Trump Begins Forming White House Team with Campaign Loyalists

15 November, 2016

The next president of the United States, Donald Trump, has begun appointing members of his White House team.

The president-elect chose his top two advisers on Sunday. He is expected to name more appointments this week.

His first two choices demonstrate two very different styles of politics.

Trump chose the national chairman of the Republican Party, Reince Priebus, as his chief of staff. This position generally controls most operations at the White House. The chief of staff also helps set the president's daily activities and decides who gets to meet with him.

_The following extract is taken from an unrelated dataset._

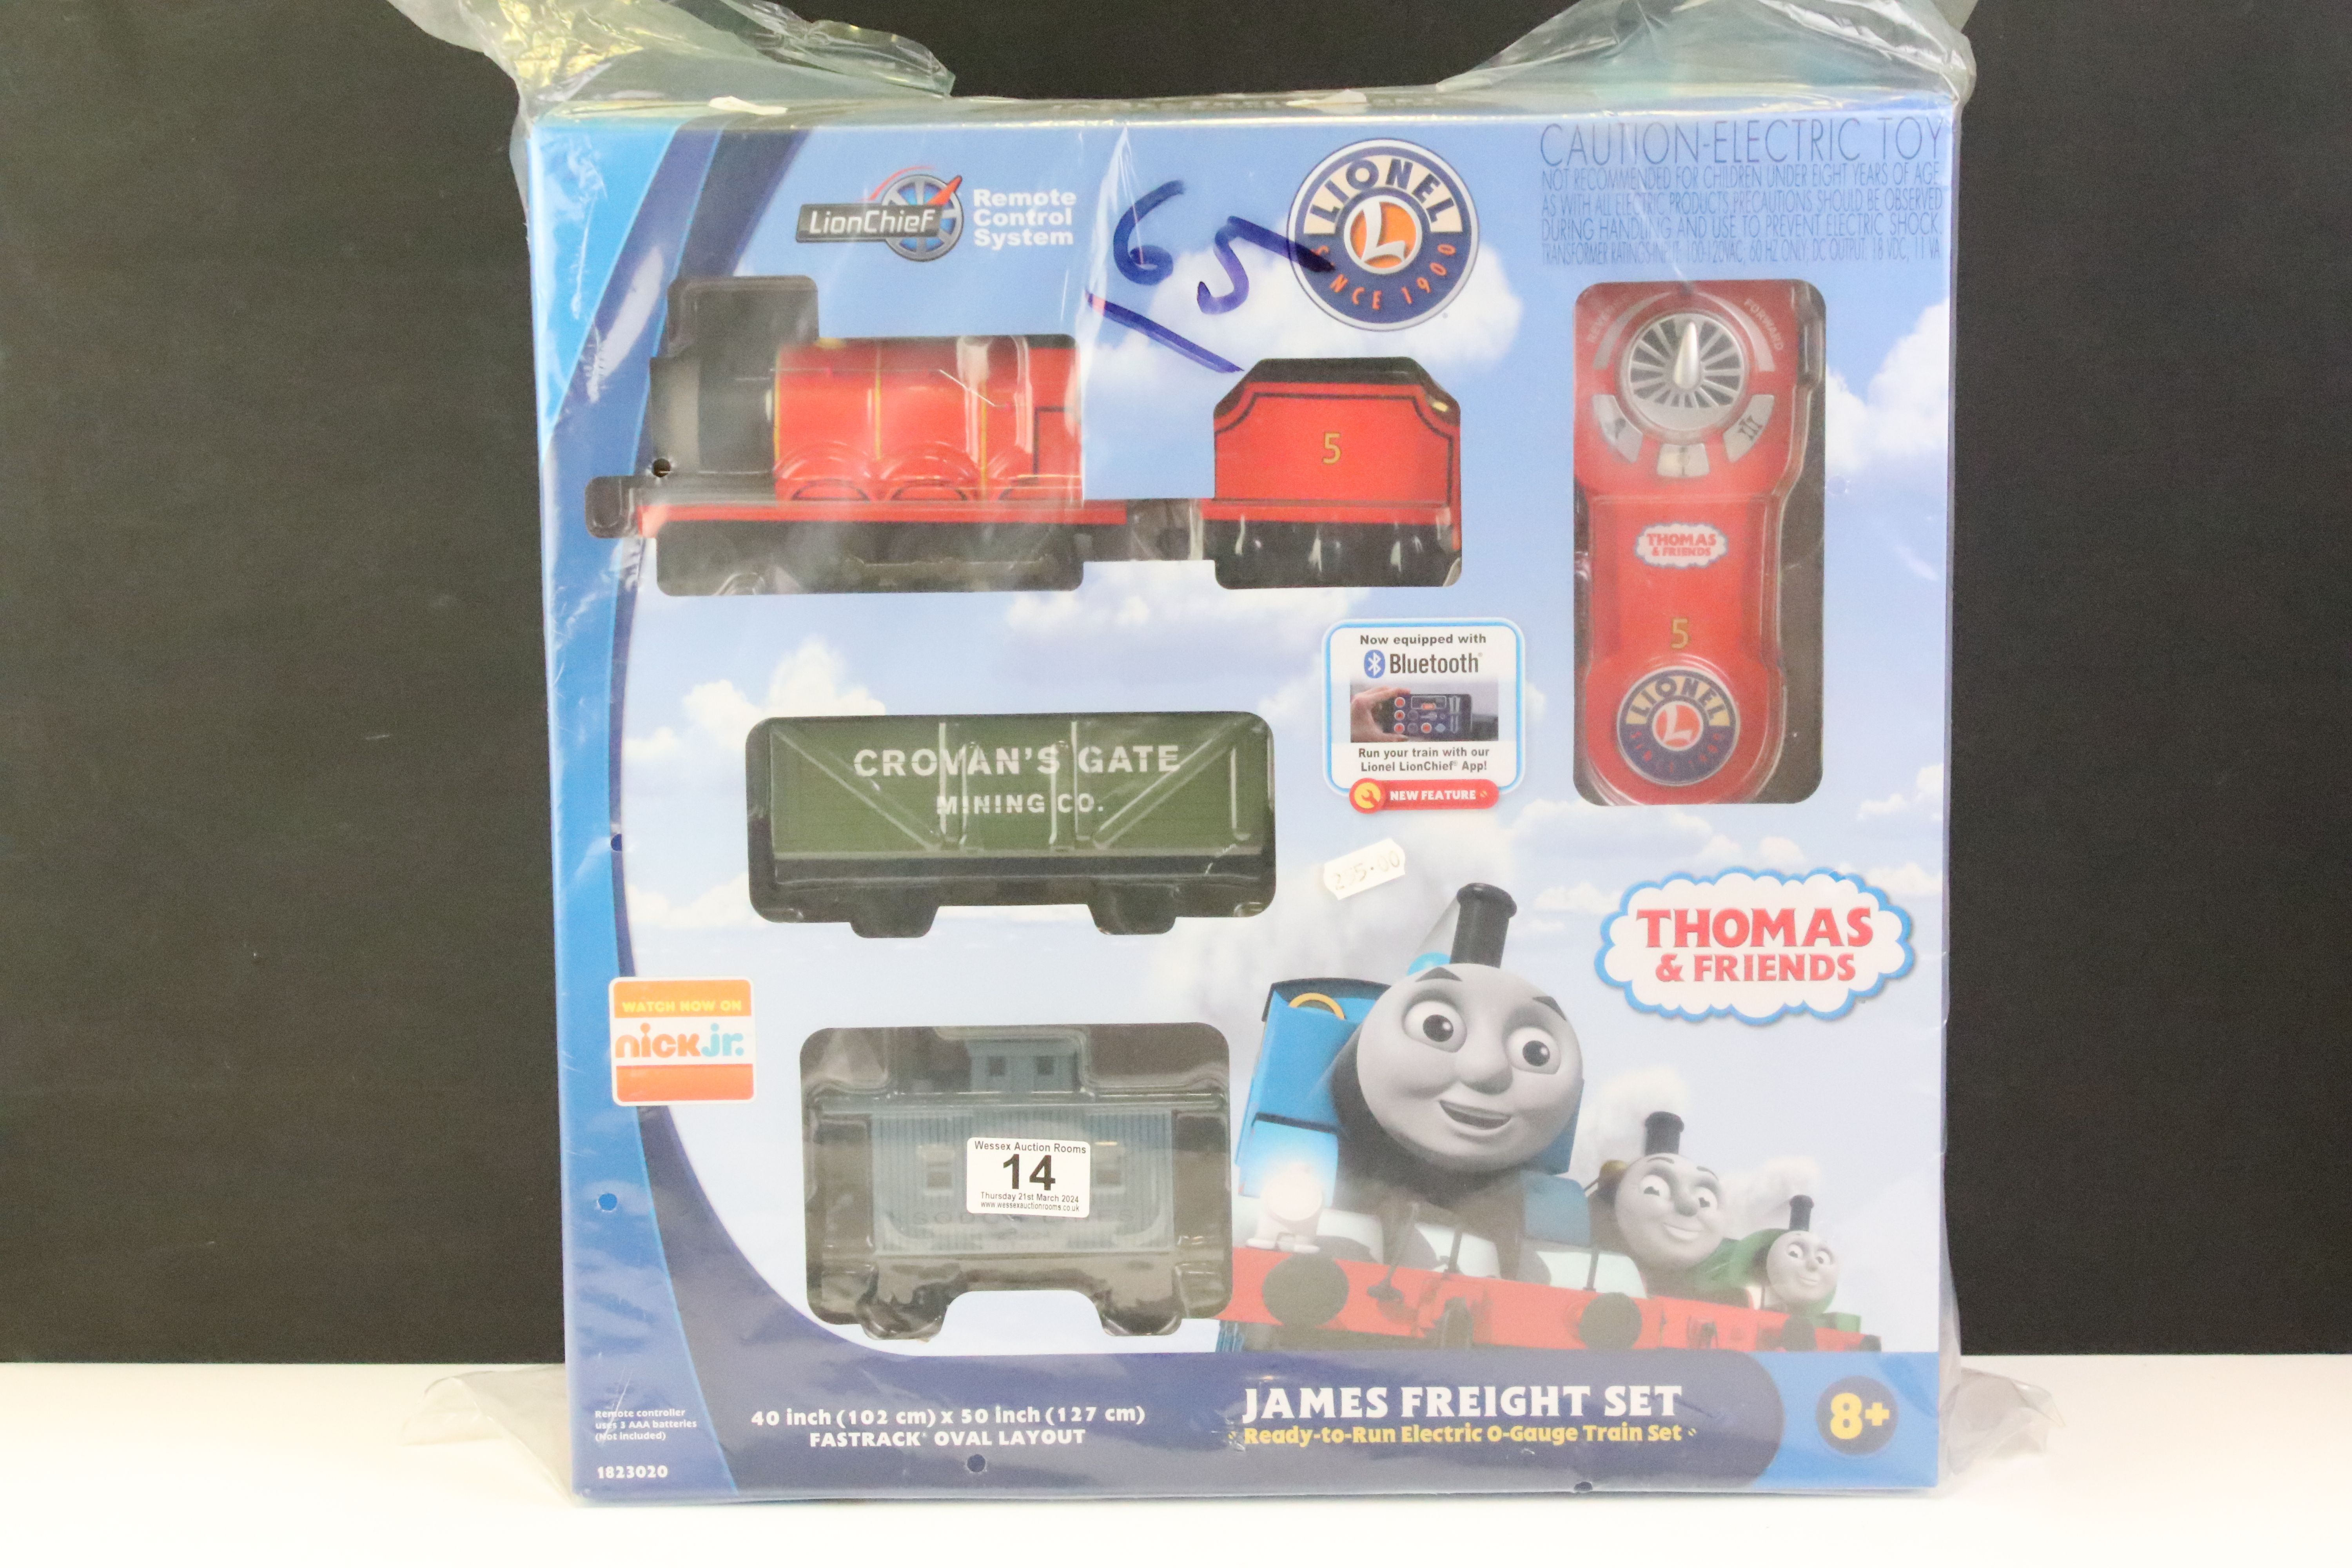 Boxed Lionel O gauge Thomas & Friends 182300 James Freight Train Set, complete and ex

The 44-year-old Priebus has headed the Republican National Committee since 2011. His political skills helped elect Trump and resulted in Republicans keeping control of both houses of Congress after the elections last week.

Some observers say the choice of Priebus sends a message to party officials and congressional leaders that Trump is willing to keep ties with the Republican political establishment.

The other top White House job went to Stephen Bannon, whom Trump named as his chief strategist and senior adviser. Bannon served as the chief executive officer of Trump's election campaign.

In this Friday, Nov. 11, 2016, file photo, Stephen Bannon, campaign CEO for President-elect Donald Trump, leaves Trump Tower in New York.
In this Friday, Nov. 11, 2016, file photo, Stephen Bannon, campaign CEO for President-elect Donald Trump, leaves Trump Tower in New York.

In a statement, Trump called Priebus and Bannon "qualified leaders who worked well together on our campaign and led us to a historic victory." He added: "Now I will have them both with me in the White House as we work to make America great again."

Democratic Party activists, civil rights groups and even some Republicans quickly criticized the choice of Bannon.

Before joining the Trump campaign, Bannon led the Breitbart News website. Under his leadership, the website published stories supporting nationalist, anti-establishment positions. It also had many stories in support of Trump and others critical of Hillary Clinton, the Democrats' presidential candidate.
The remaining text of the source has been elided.